Well then, thanks for including algorithm, I had a feeling it could be done but I did not feel like adlibbing it... (I assume it is correct even if it looks a little odd at times, may be smart thinking)...

precedence need to handle '(' , suggestion return 0.

default action should not pop stack... ')' should pop stack like so while( !stack.empty() && stack.top() != '(' ) // out top and pop (I dont even se how the current expression can even compile)
And return error if stack is empty after this loop, else pop and discard '('.

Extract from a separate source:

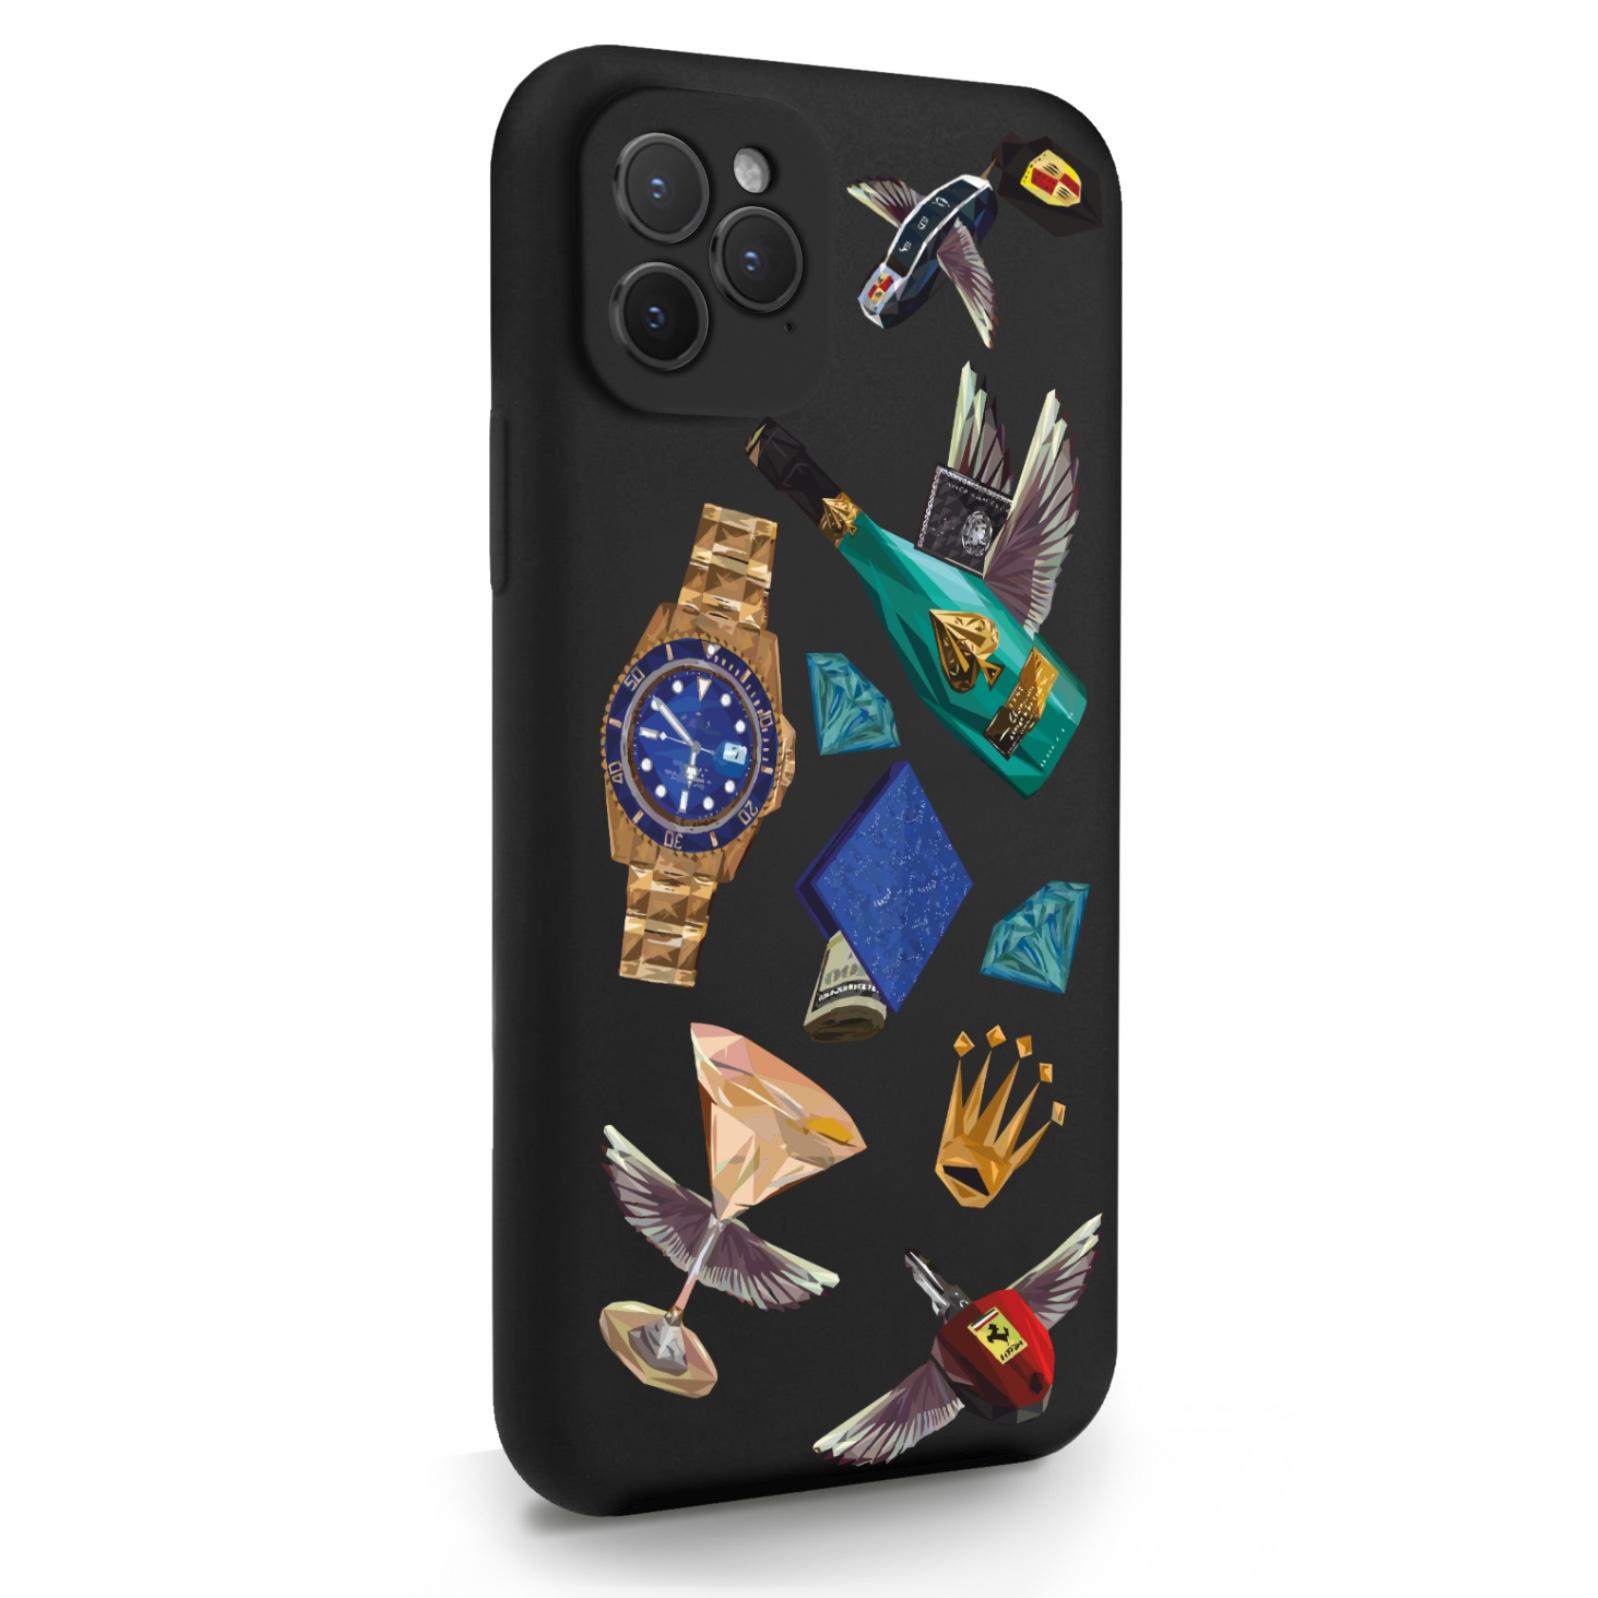 Черный силиконовый чехол для iPhone 11 Pro Luxury lifestyle для Айфон 11 Про
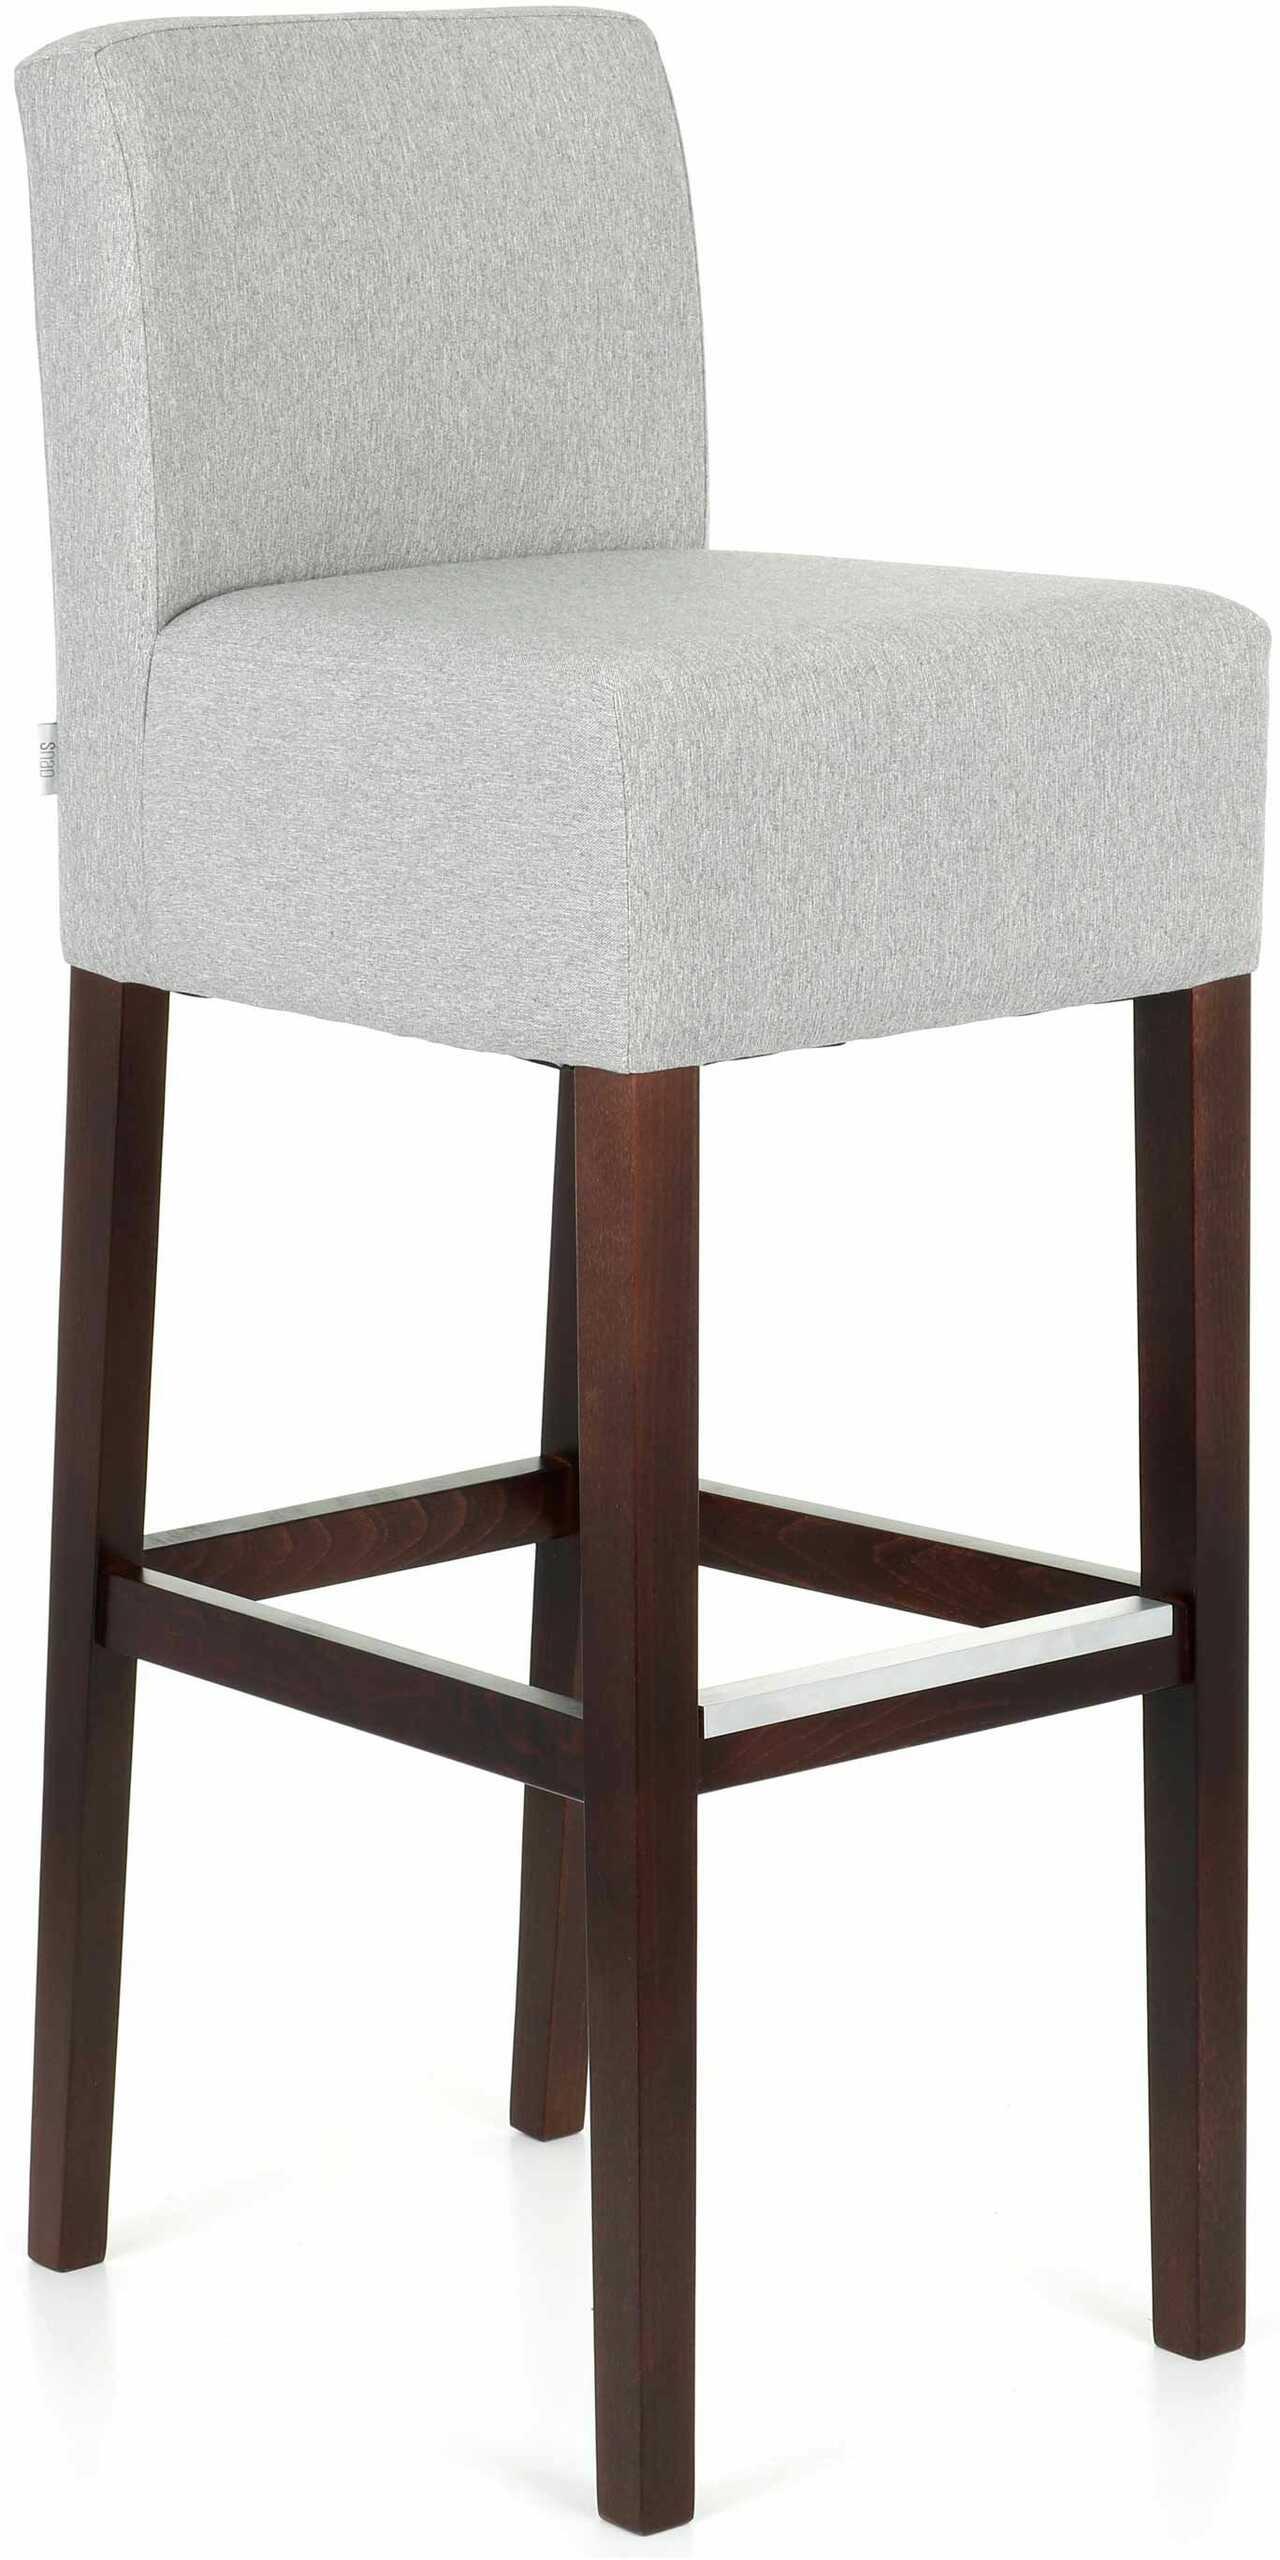 Hoker Simple - Twoja żądana wysokość, personalizowany, o różnej wysokości, do lady barowej, do jadalni, do wyspy kuchennej, wygodny, klasyczny, minimalistyczny

op: should be something like

if( stack.empty() || precedence( stack.top() ) > precedence( infix[ i ] ) )
    stack.push( infix[ i ] ) ;
else {
    // output stack.top() && pop stack
    if( stack.empty() || precedence( stack.top() ) > precedence( infix[ i ] ) )
       stack.push( infix[ i ] ) ;
    // It is not clear what to do if this is not the case, is it suppose to be a loop ?
}

And possible spaces should be output at '(' ops and ')' to hide the fact that no token recognicion is done... (else expression like 2+2 would produce 22+, or worse 10+10 => 1010+ whats the operators then?)